HBase 0.98.3 fully distributed cluster with only 3 dependencies
A wiki of this project can be found here
Use this ready-made cluster as your starting point to experimenting with Big-Data technologies. You have total freedom in modifying it to match your needs while having a solid foundation to start with.
You'll need about 11 GB of RAM in the default configuration. 7 virtual machines will be created. The cluster was tested on Linux, Mac OS and Windows.
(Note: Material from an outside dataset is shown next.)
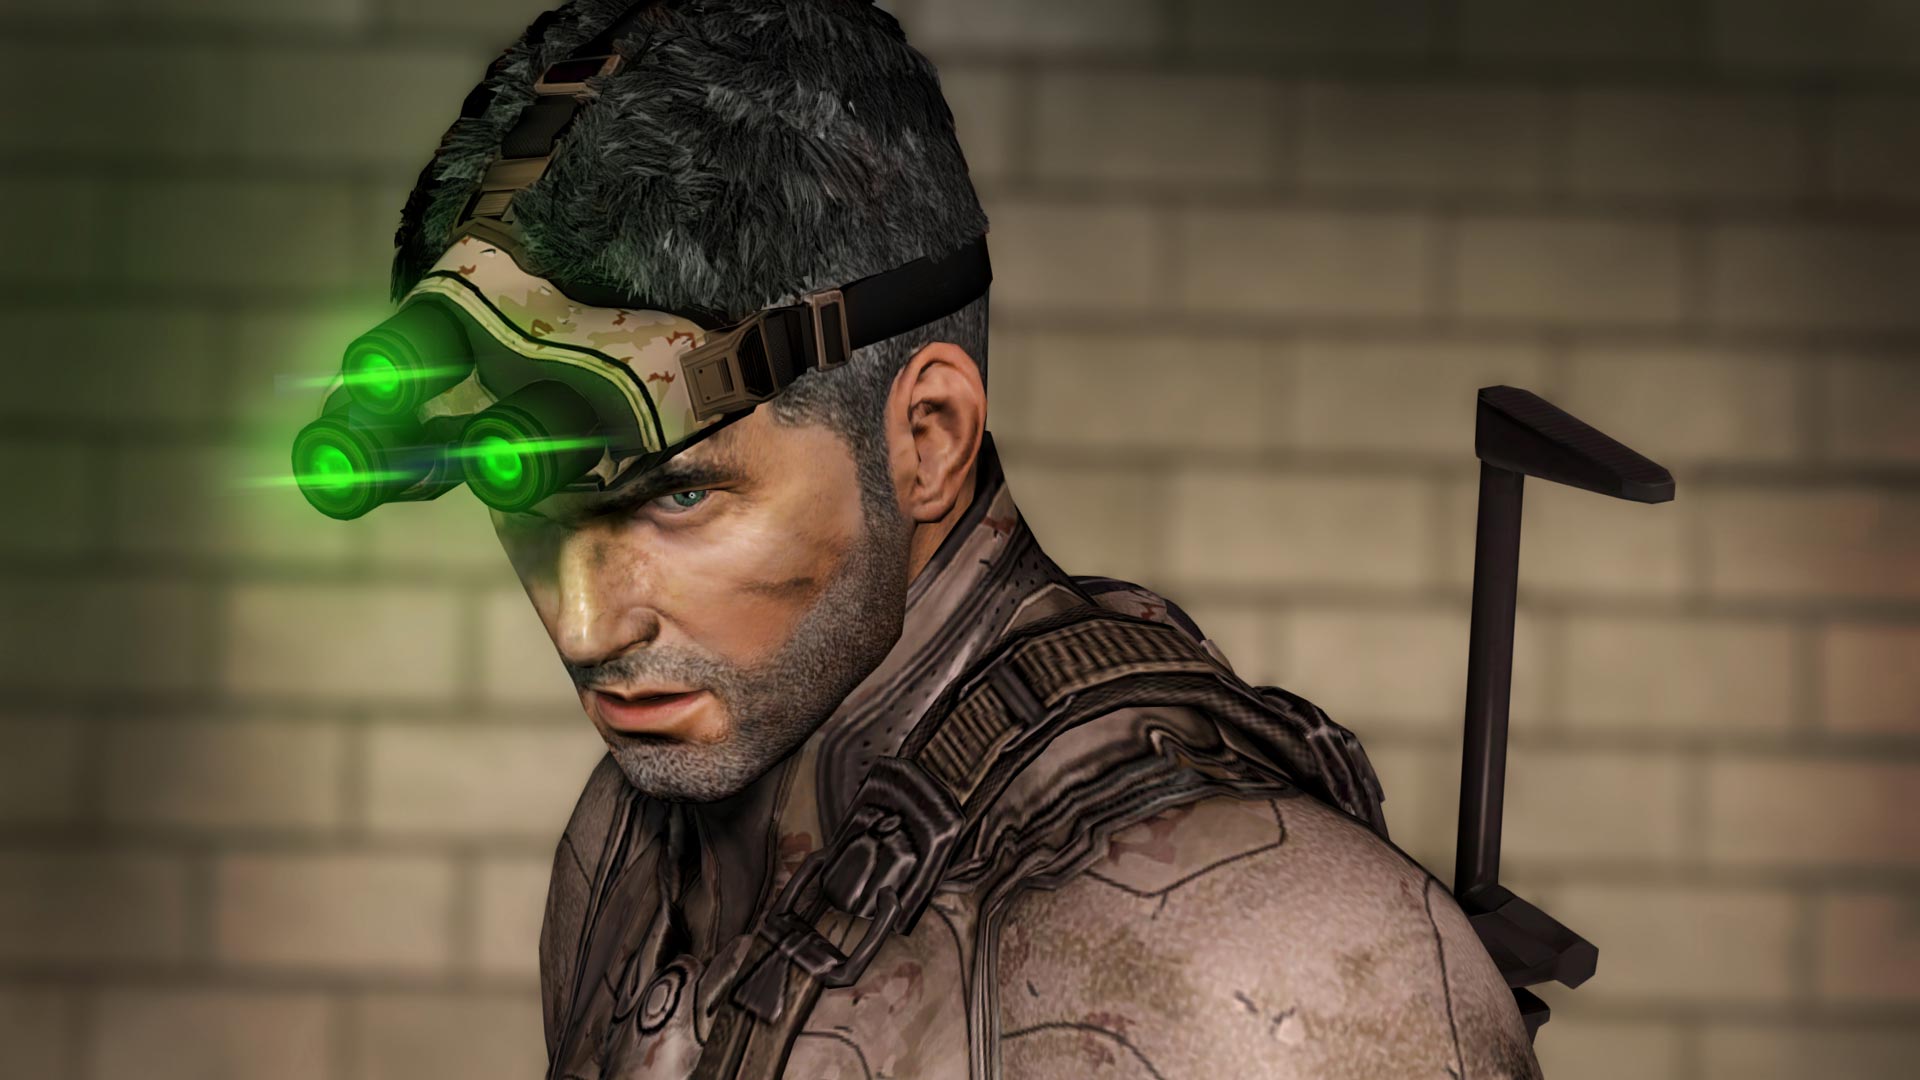 Splinter Cell Remake: Release date, story, gameplay and more

Virtualization needs to be enabled in BIOS. You probably have this enabled, but if things go awry, this might be the problem.
- Open a new terminal.
- Download the configuration by issuing
git clone git@github.com:cosmincatalin/hbase-cluster.git
(orgit clone https://github.com/cosmincatalin/hbase-cluster.git
if you don't have an ssh agent running). - Go into the hbase-cluster directory.
- Issue the magical
vagrant up
- Go make yourself a tea, it can take anywhere between 15 minutes to 40 minutes, depending on your internet connection speed.
- Log in the master
vagrant ssh
- Log in as the base hduser
sudo su - hduser
- Start HBase
./hbase/bin/start-hbase.sh
For whomever wants to understand what actually goes on behind the scenes, here is an explanation of the software stack and the architecture of which the Hadoop cluster is made of.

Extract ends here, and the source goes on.